さらに不思議なのは、お釈迦様(女房)が追加するときに、へそくりの合計金額を確認していなかったことです。

毎回きちんと数えていれば、諭吉さんが2人ほど消えていることに気づくはずです。

それでも何も言われませんでした。

考えられる理由は2つです。

① 金額を数えずに追加していた

生活費が余ったら、ラップの箱に入れる。

ただそれだけの、非常に大らかな貯金方法だった可能性があります。

② 何人の諭吉さんがいるのか覚えていなかった

26人もいれば、1人や2人いなくなっても分からない。

修学旅行の点呼としては完全に失格ですが、へそくり管理としては平和です。

そのため、諭吉さんには、その後も数回ほど修行僧(俺)の財布へ移住していただきました。

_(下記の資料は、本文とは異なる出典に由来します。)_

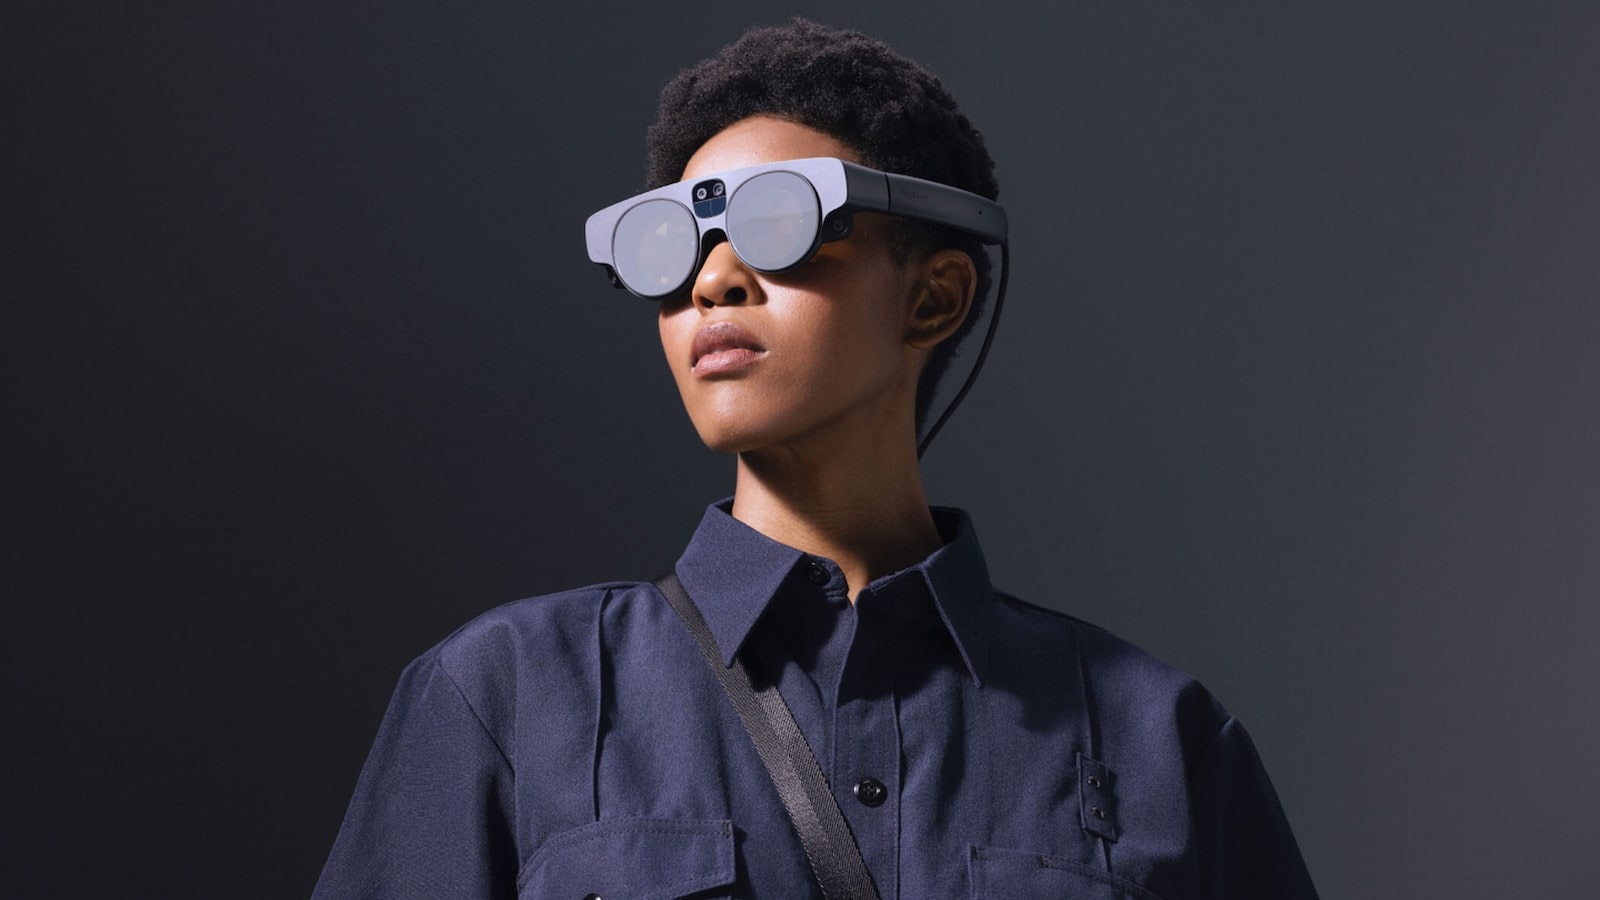 Le retour des Google Glass ? Le géant de la recherche s'associe avec Magic Leap pour un projet secret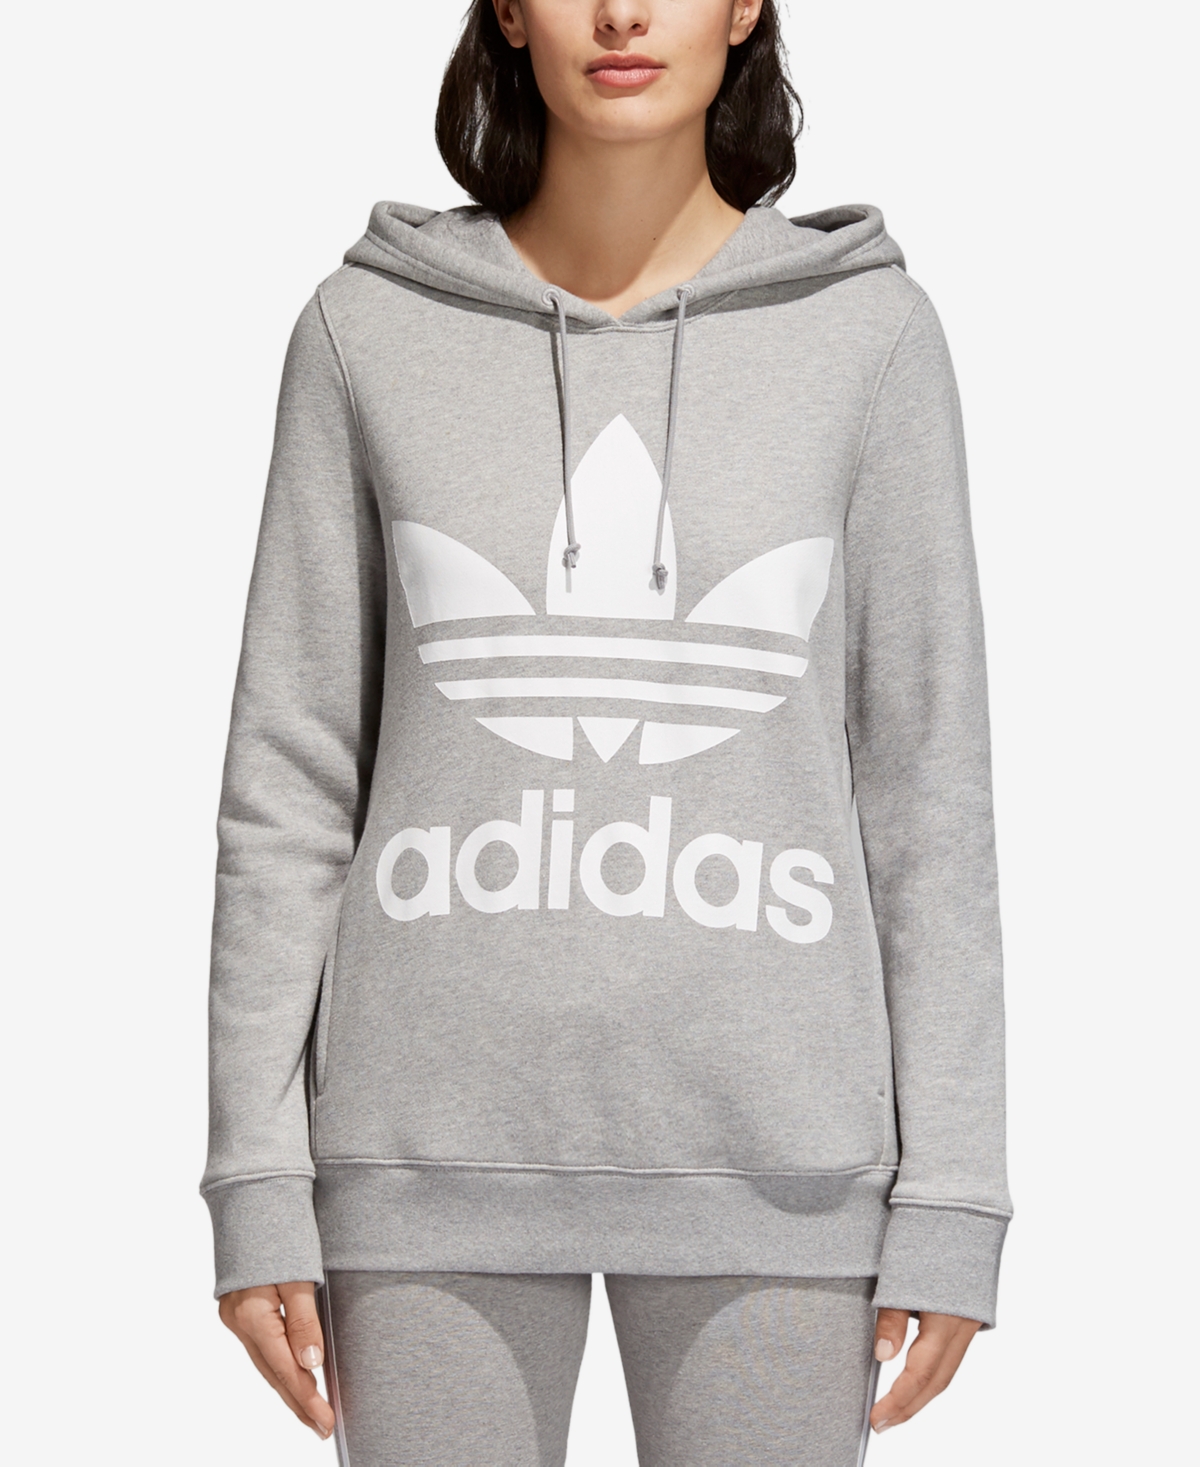 adidas Originals Women's Adicolor Trefoil Sweatshirt Hoodie, Xs-4X

移住先では、お昼代や飲み代など、地域経済の活性化に貢献してくれました。

⚠️ 妻のへそくりを見つけたときの正しい対応

ここまで読んで、「自分も妻のへそくりを探してみよう」と思った方がいるかもしれません。

しかし、家庭の平和を守りたいのであれば、無断で財布へ移住させるのはおすすめできません。

夫婦のお金には、それぞれの家庭のルールがあります。

へそくりには、急な出費への備え、家族へのプレゼント、老後資金など、本人なりの目的があるかもしれません。

見つけたときは、問い詰めるよりも、まず家計の状況や貯蓄の目的を確認することが大切です。

夫婦円満を守る最も確実な方法は、見なかったことにすることかもしれません。

特に、隠し場所がお釈迦様(女房)の管理下にある場合、下手に触れると天罰が下る可能性があります。

🔥 このへそくりが後の大事件につながる

こうして、ラップの箱に隠されたへそくりと、修行僧(俺)による諭吉さんの移住計画は、誰にも知られないまま続きました。

お釈迦様(女房)は毎月少しずつお金を追加します。

修行僧(俺)は、ときどき人口調査を行います。

一見すると、平和な夫婦の日常です。

しかし、この出来事が、のちに我が家を揺るがす大事件の伏線となります。

ラップの箱から始まった物語は、思いもよらない方向へ進んでいくのです。

そのお話は、また別の機会に。

🙏 最後まで読んでくださった皆さまへ

数ある記事の中から、修行僧(俺)とお釈迦様(女房)のへそくり騒動を最後まで読んでくださり、本当にありがとうございます。

少しでも笑っていただけたり、「うちにも似たようなことがある」と楽しんでいただけたりしたなら、とてもうれしいです。

夫婦の数だけ、お金のルールと秘密があります。

皆さまの家庭に、笑顔と平和、そして見つからない程度のへそくりが残りますように。

最後までお付き合いいただき、心より感謝いたします。

※この記事はフィクションです。登場する人物・金額・出来事などは創作であり、実在する人物や団体とは関係ありません。